→ **YOUR INSTRUCTIONS**:
From the listing below, copy only the lines running from the line that contains "Nestlé NAN PRO" to the line that contains "1-комнатная квартира посуточно", both included.

→ **INFORMATION**:

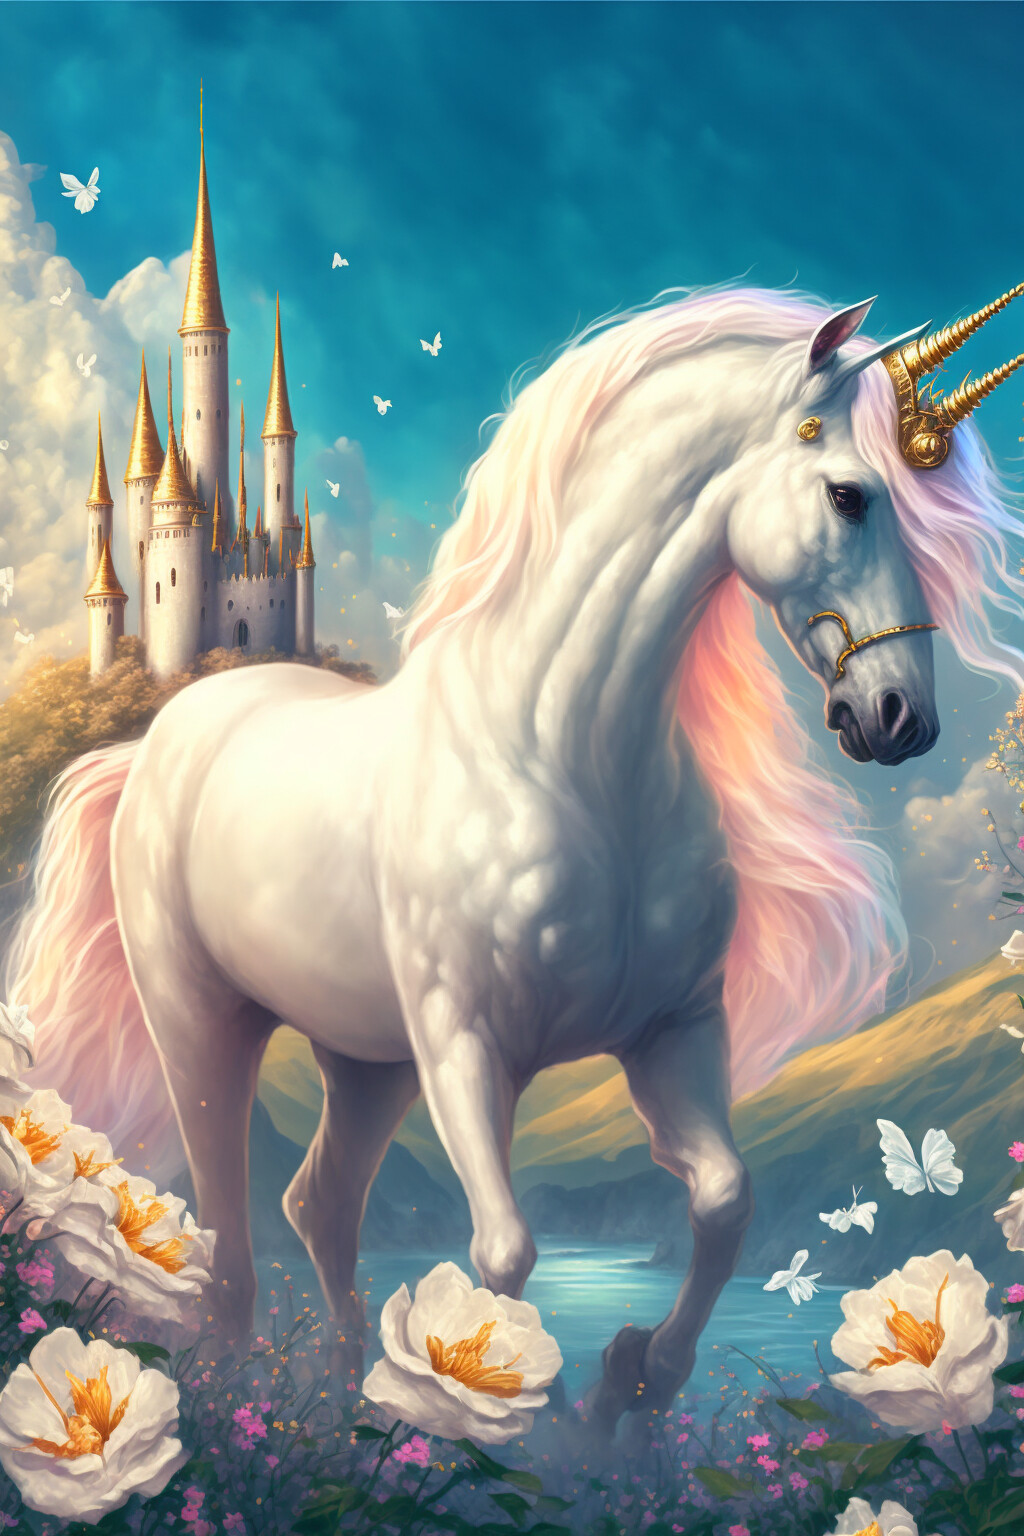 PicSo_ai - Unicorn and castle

...

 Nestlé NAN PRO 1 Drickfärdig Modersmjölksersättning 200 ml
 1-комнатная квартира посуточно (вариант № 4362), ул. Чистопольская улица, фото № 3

==

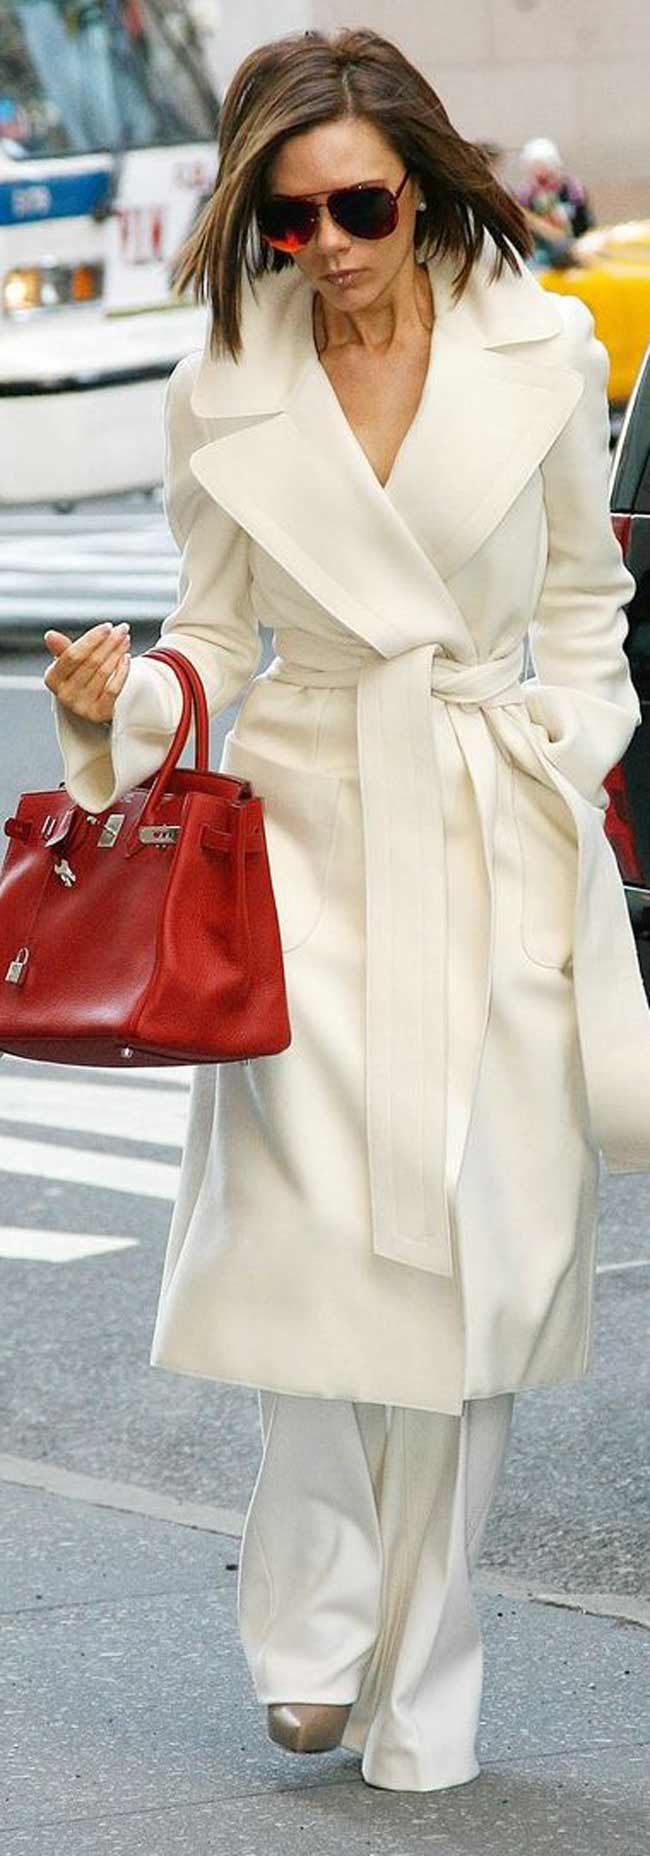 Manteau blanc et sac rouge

→ **ANSWER SPACE**:
 Nestlé NAN PRO 1 Drickfärdig Modersmjölksersättning 200 ml
 1-комнатная квартира посуточно (вариант № 4362), ул. Чистопольская улица, фото № 3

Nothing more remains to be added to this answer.